> Records to process
════════════════

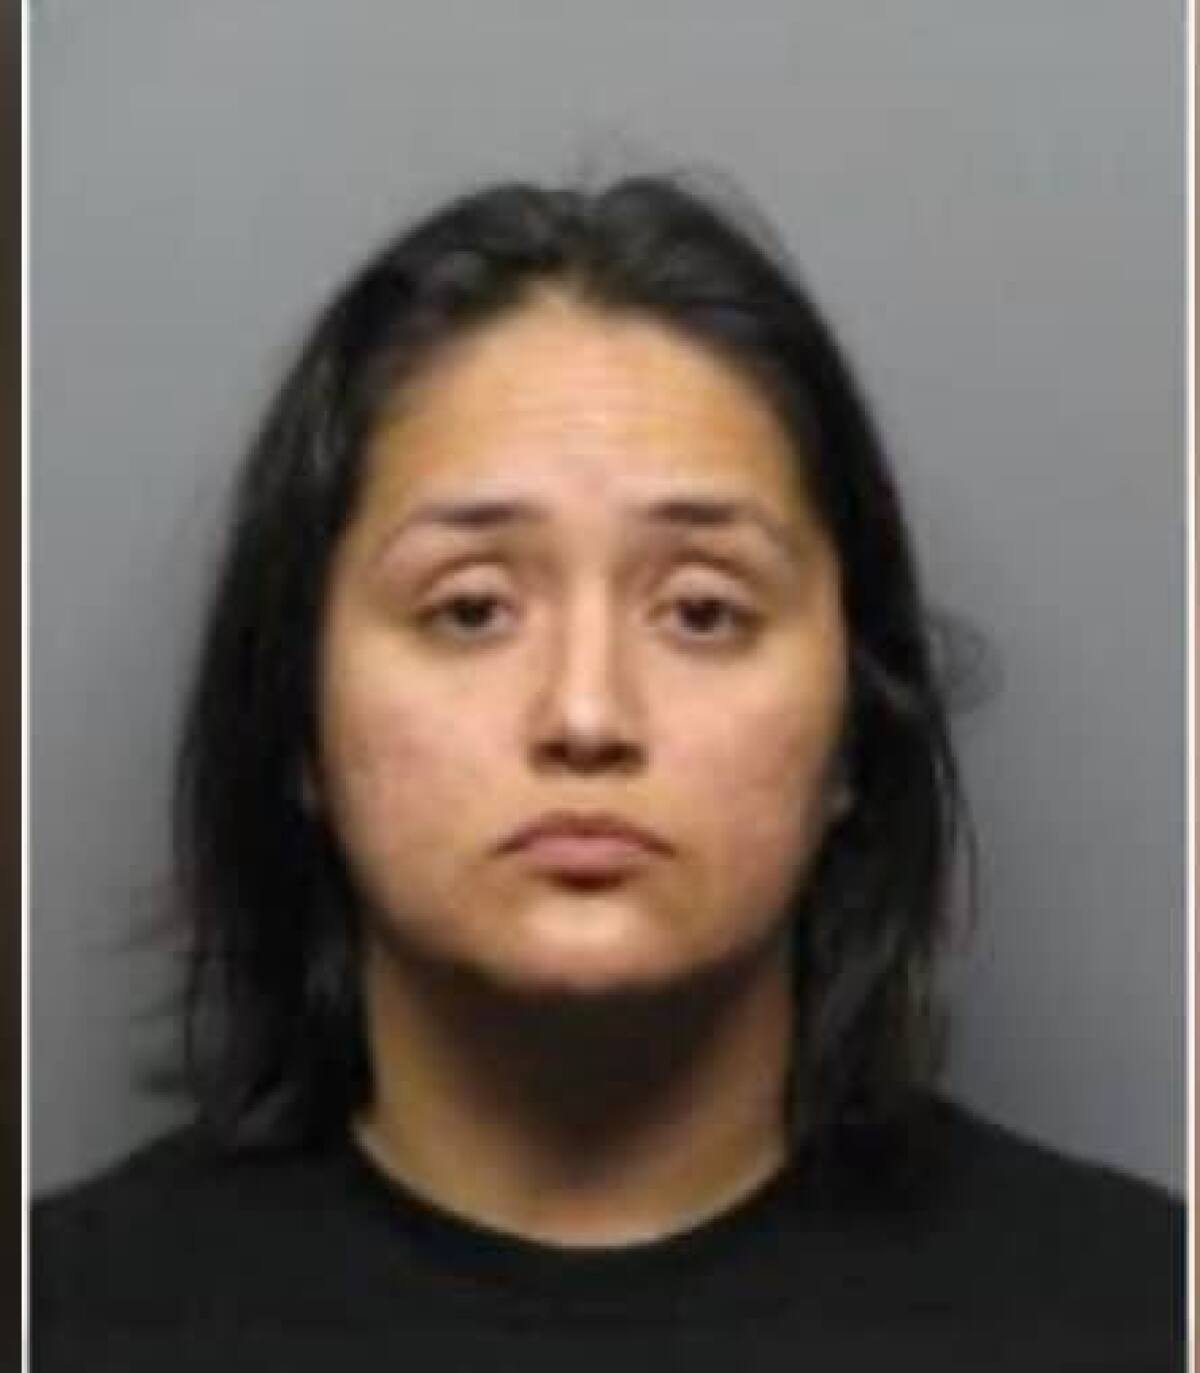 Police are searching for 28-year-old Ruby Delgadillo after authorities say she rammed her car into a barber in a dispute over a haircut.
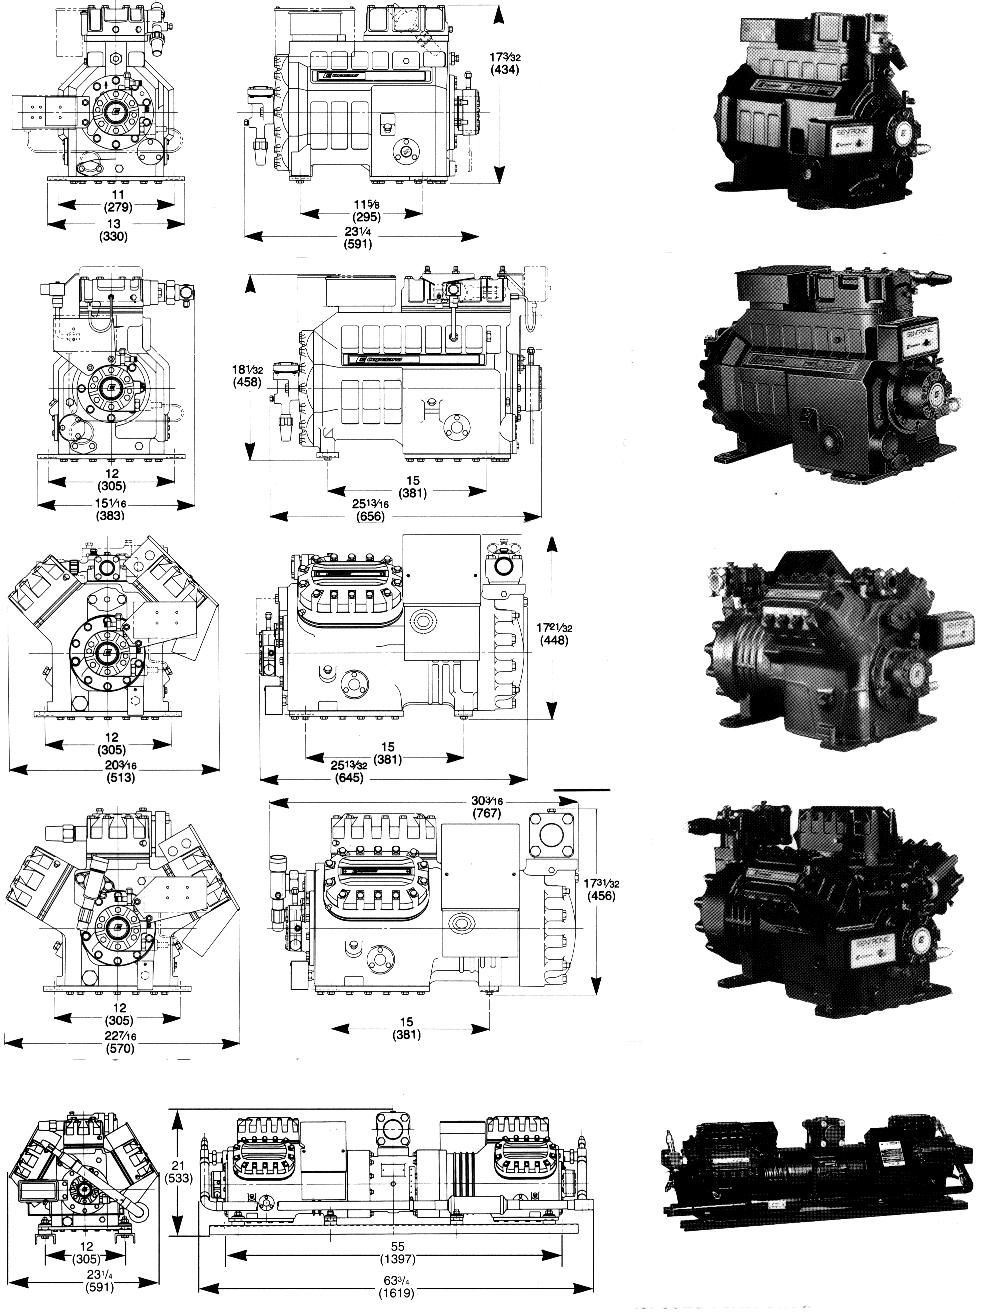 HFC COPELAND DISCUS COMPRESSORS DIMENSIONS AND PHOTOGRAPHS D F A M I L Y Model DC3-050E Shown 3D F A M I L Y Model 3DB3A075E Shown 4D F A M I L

════════════════

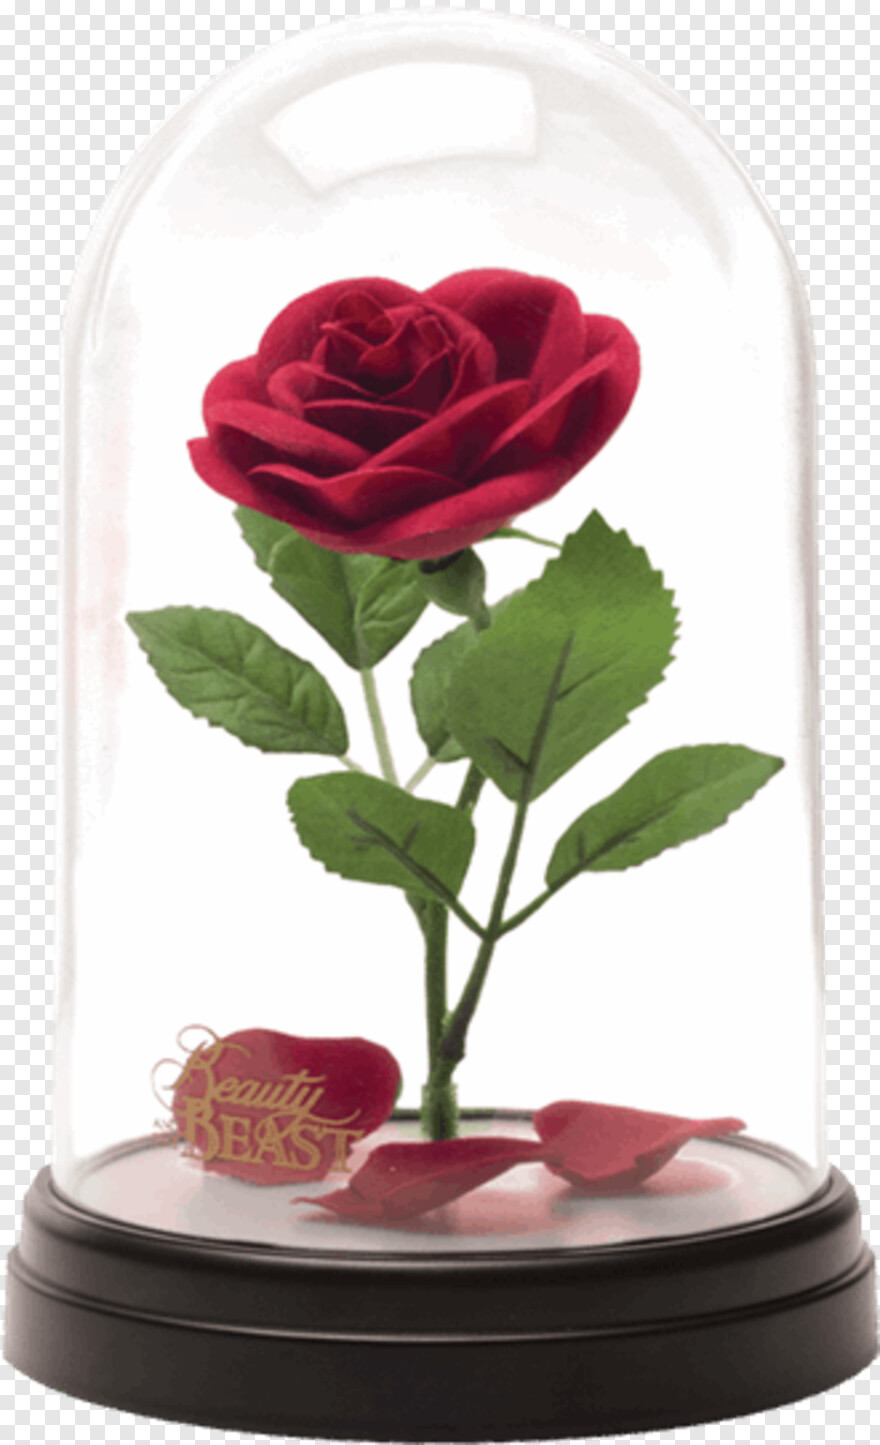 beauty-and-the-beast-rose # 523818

════════════════

> What to produce
Starting with the line that has "Police are searching" and ending with the line that has "HFC COPELAND DISCUS", repeat the lines above exactly, omitting every picture.

> Answer below
 Police are searching for 28-year-old Ruby Delgadillo after authorities say she rammed her car into a barber in a dispute over a haircut.
 HFC COPELAND DISCUS COMPRESSORS DIMENSIONS AND PHOTOGRAPHS D F A M I L Y Model DC3-050E Shown 3D F A M I L Y Model 3DB3A075E Shown 4D F A M I L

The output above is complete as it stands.